Search code examples
rdata-cleaning

cleaning time series based on previous timepoints


In my clincal dataset, I have a unique identifors by patient ID and time, and then the variable of interest that look like so:

patientid <- c(100,100,100,101,101,101,102,102,102,104,104,104)
time <- c(1,2,3,1,2,3,1,2,3,1,2,3)
V1 <- c(1,1,NA,2,1,NA,1,3,NA,NA,1,NA)

Data <- data.frame(patientid=patientid, time=time, V1=V1)

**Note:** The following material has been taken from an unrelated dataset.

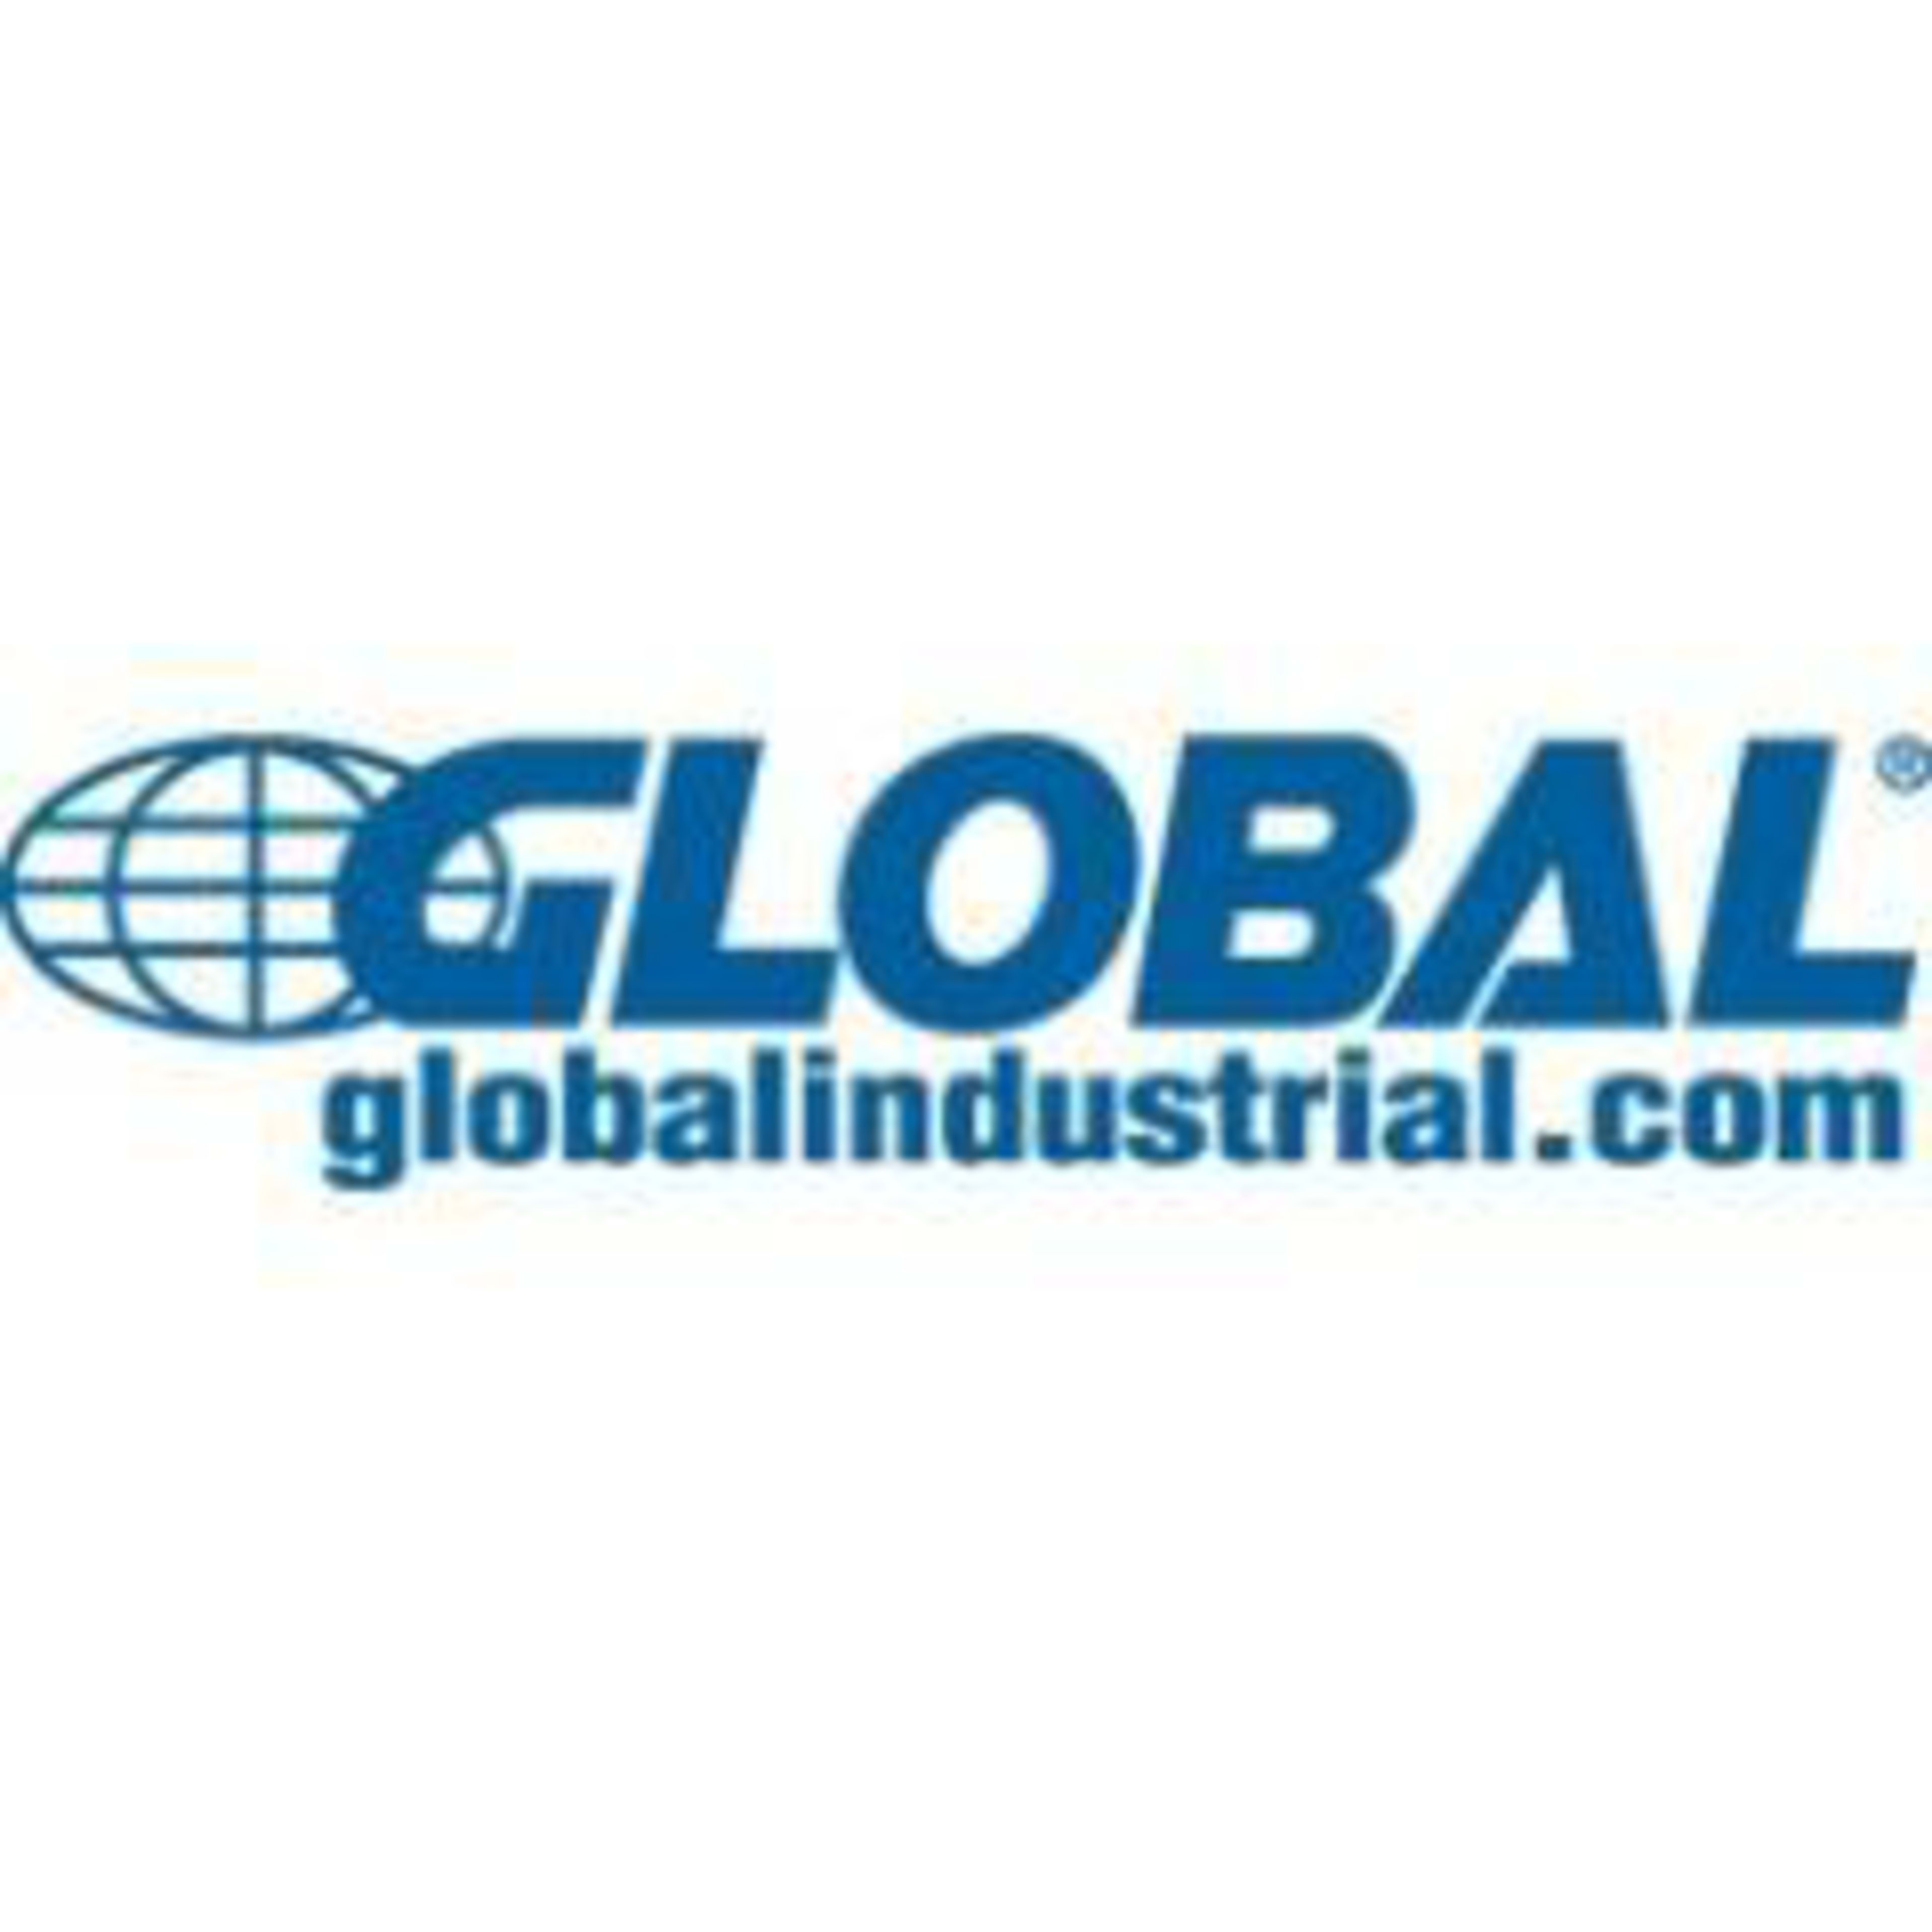 Global Industrial Code

Timepoint 3 is blank for each patient. I want to fill in timepoint three for each patient based on the following criteria. If at either time point 1 or 2 the variable is coded as a 2 or 3 then time point 3 should be coded as a 2. If at both time point 1 and 2, variable is coded as a 1 then time point point 3 should be coded as a one. If there is missing data at time point 1 or 2 then time point three should be missing. So for the toy expample it should look like this:

patientid <- c(100,100,100,101,101,101,102,102,102,104,104,104)
time <- c(1,2,3,1,2,3,1,2,3,1,2,3)
V1 <- c(1,1,1,2,1,2,1,3,2,NA,1,NA)

Data <- data.frame(patientid=patientid, time=time, V1=V1)

Solution

  • This should do it!

    library(tidyverse)
    
    patientid <- c(100,100,100,101,101,101,102,102,102,104,104,104)
    time <- c(1,2,3,1,2,3,1,2,3,1,2,3)
    V1 <- c(1,1,NA,2,1,NA,1,3,NA,NA,1,NA)
    
    Data <- data.frame(patientid=patientid, time=time, V1=V1)
    
    Data <- Data %>% pivot_wider(names_from = "time", values_from = "V1", 
                                 names_prefix = "timepoint_")
    
    timepoint_impute <- function(x,y) {
      if(is.na(x) | is.na(y)) {
        return(NA)
      } else if(2 %in% c(x,y) | 3 %in% c(x,y)) {
        return(2)
      } else if(x==1 & y==1) {
        return(1)
      }
    }
    
    Data$timepoint_3 <- map2(.x = Data$timepoint_1, .y = Data$timepoint_2,
                              .f = timepoint_impute)
    

    You end up with wide data format but if you need long data format you can just use tidyr::pivot_longer. This approach writes a custom function to handle the logic you need.